YOUR GOAL ▸
Please write out the listing exactly, leaving each picture out.

DATASET EXCERPT ▸
______

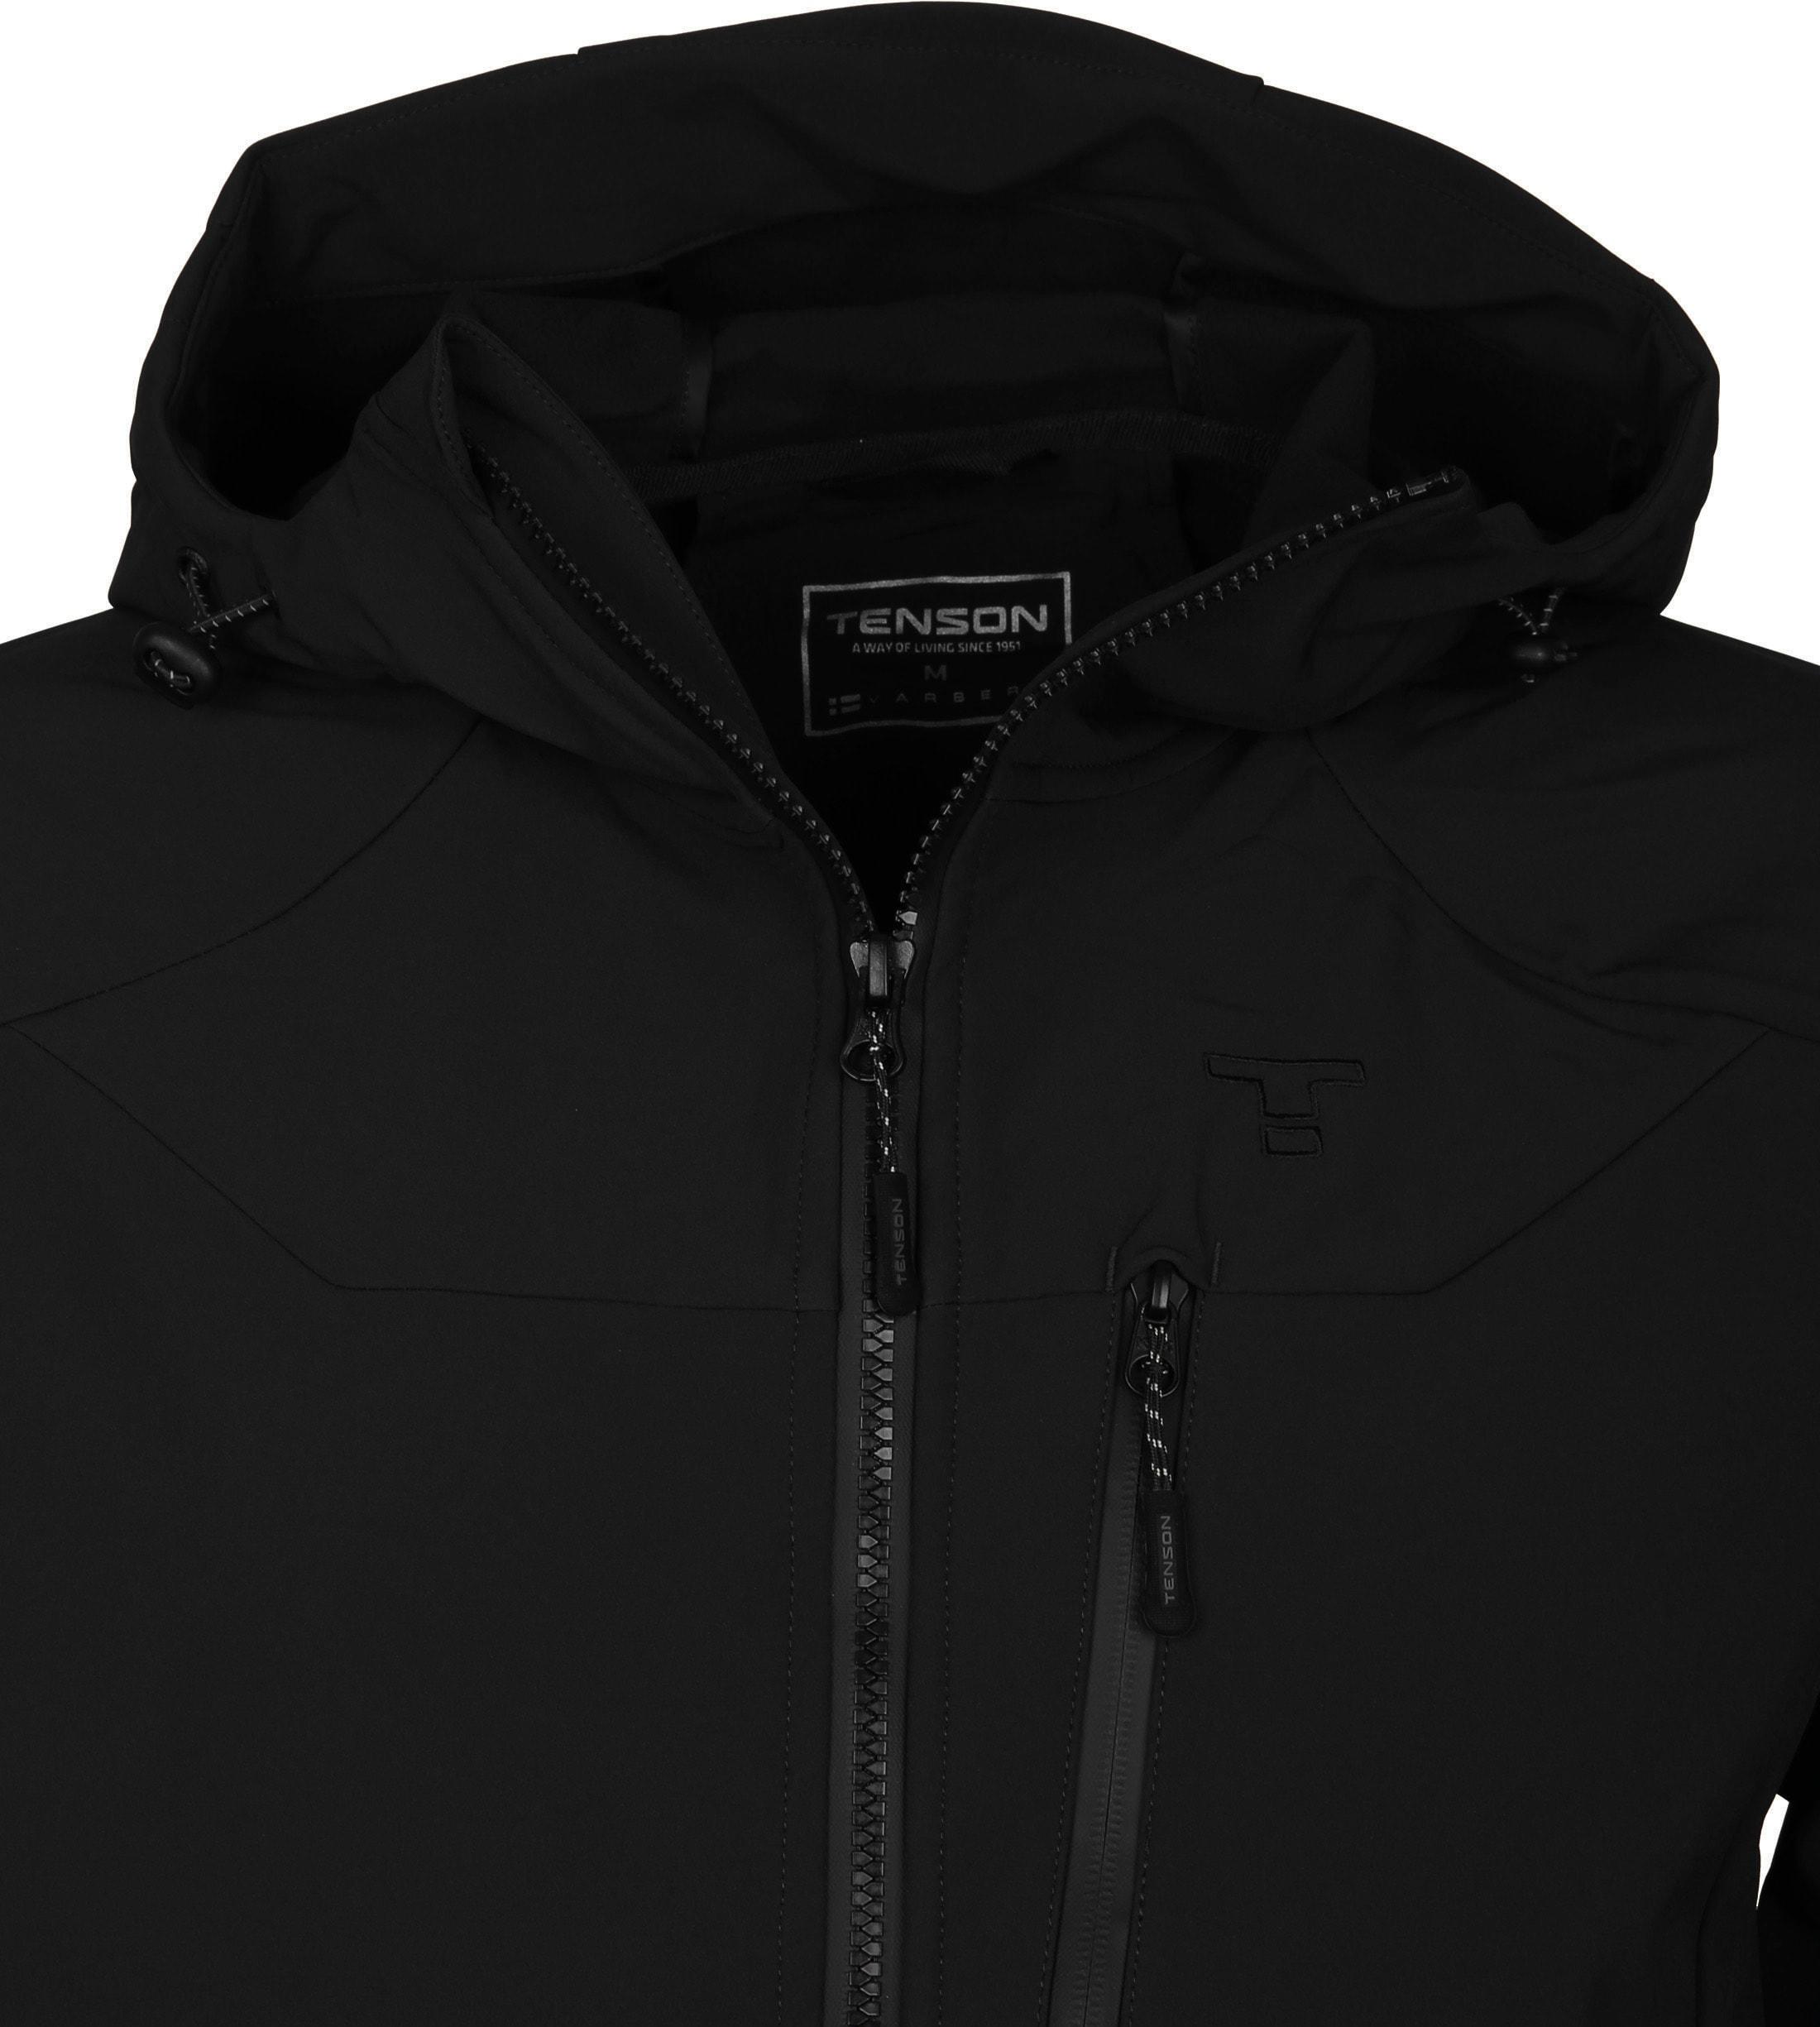 Tenson Taurid Jacket Black foto 1
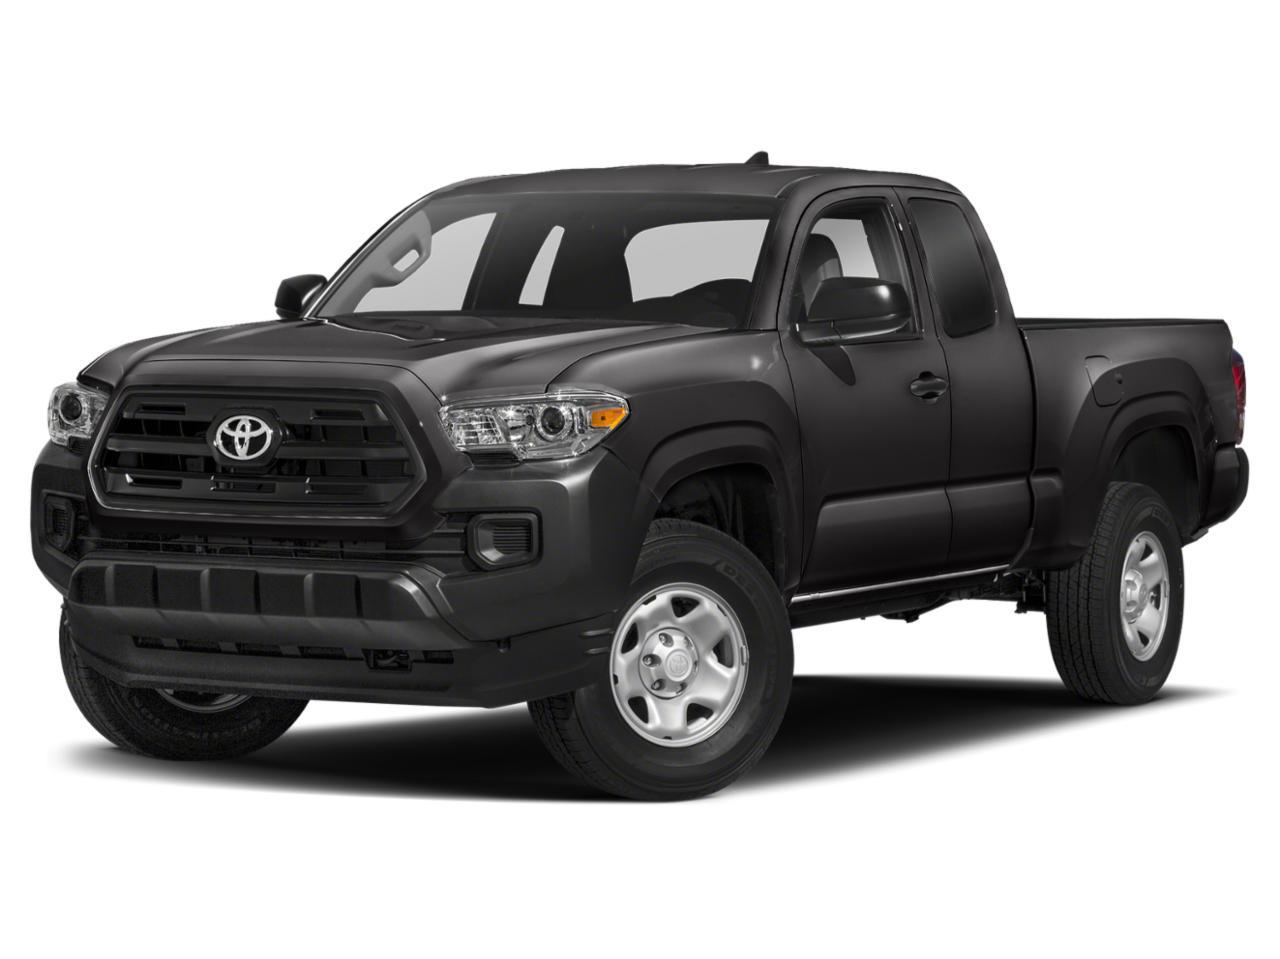 2018 Toyota Tacoma Vehicle Photo in Tulsa, OK 74133
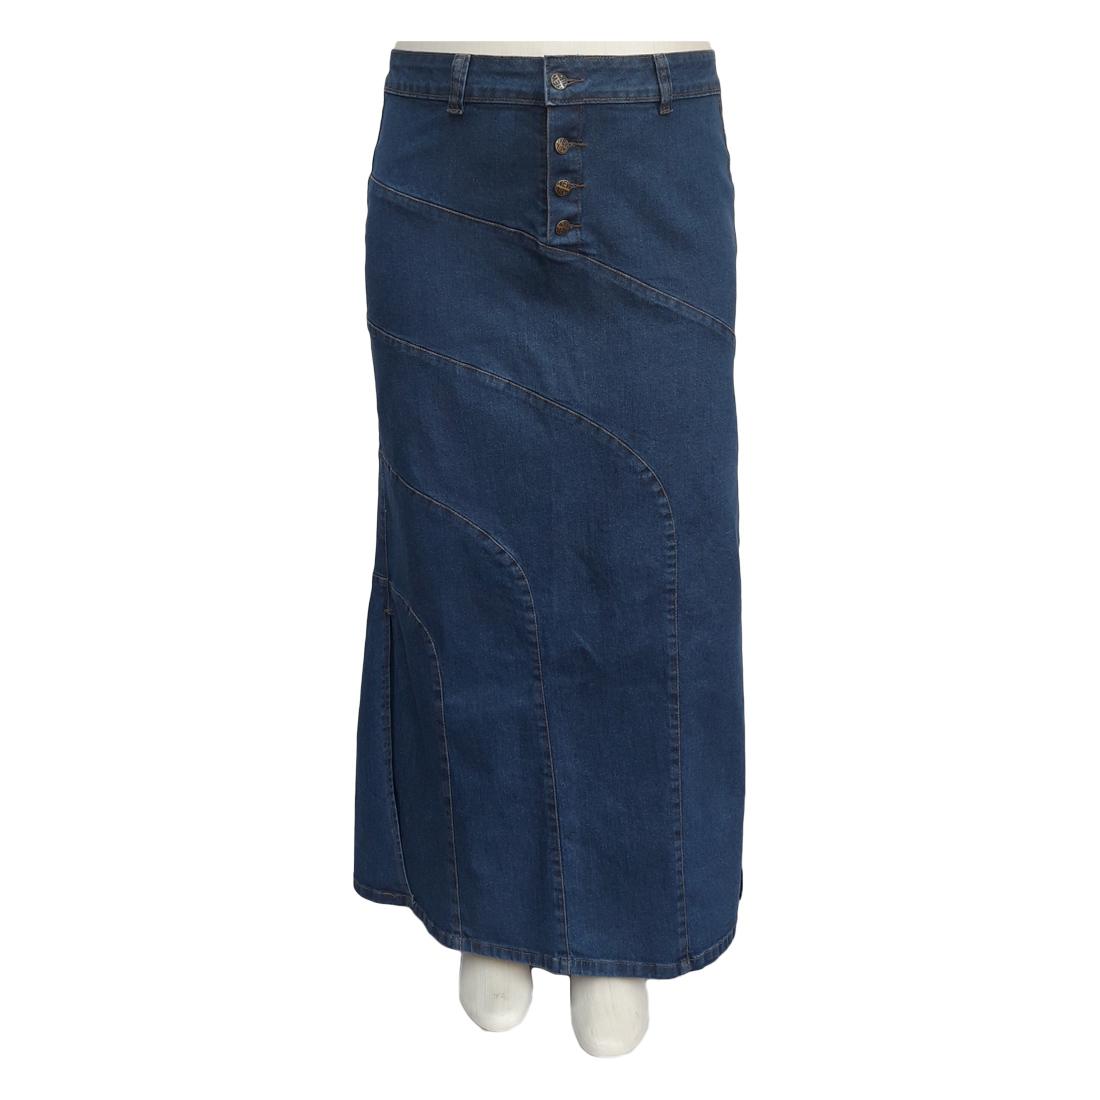 Saia Jeans Longa Fendas Laterais Plus Size Moda Evangélica
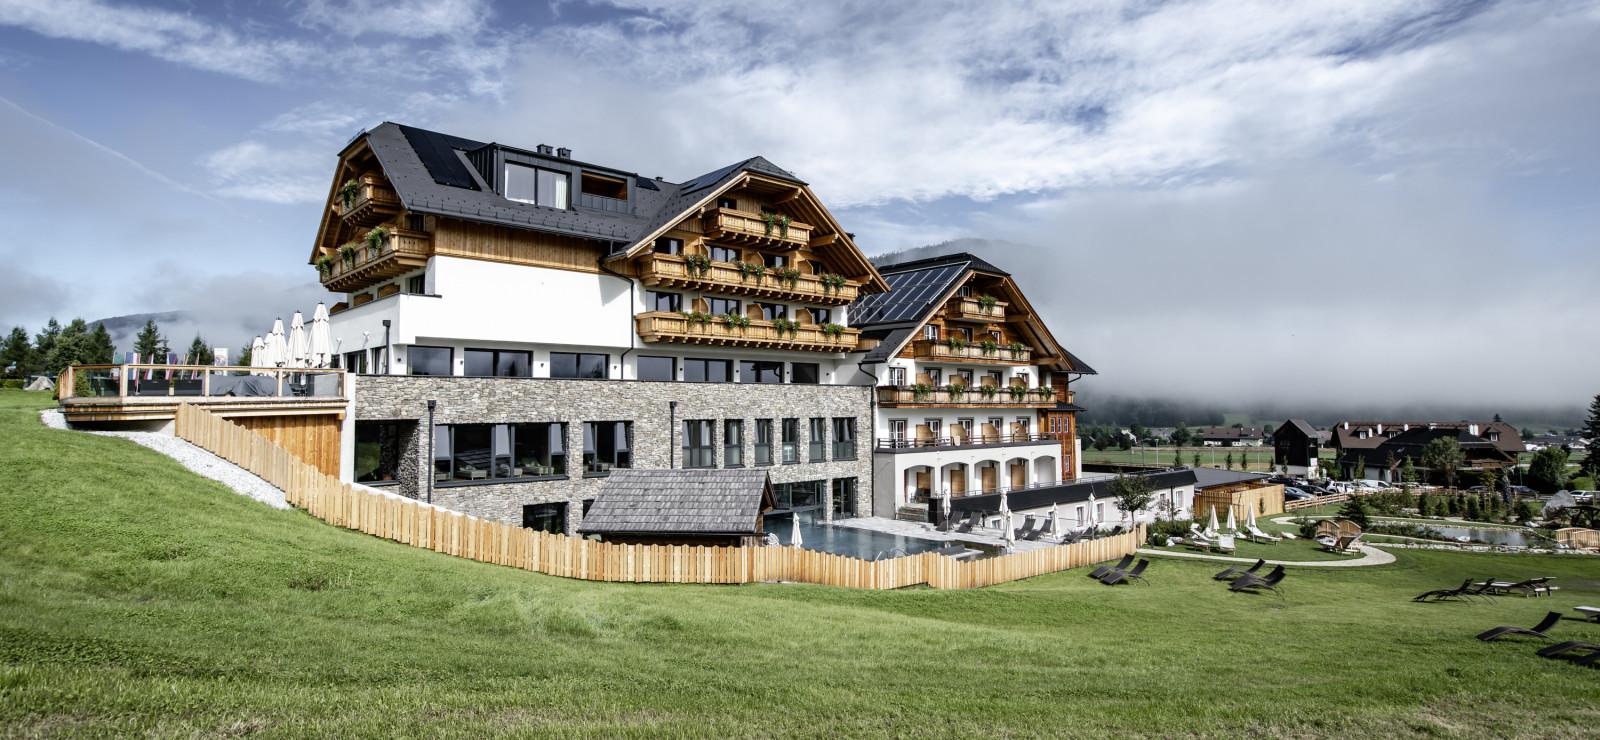 ALMGUT Mountain Wellness Hotel Bilder | Bild 1

______

TASK ANSWER ▸
 Tenson Taurid Jacket Black foto 1
 2018 Toyota Tacoma Vehicle Photo in Tulsa, OK 74133
 Saia Jeans Longa Fendas Laterais Plus Size Moda Evangélica
 ALMGUT Mountain Wellness Hotel Bilder | Bild 1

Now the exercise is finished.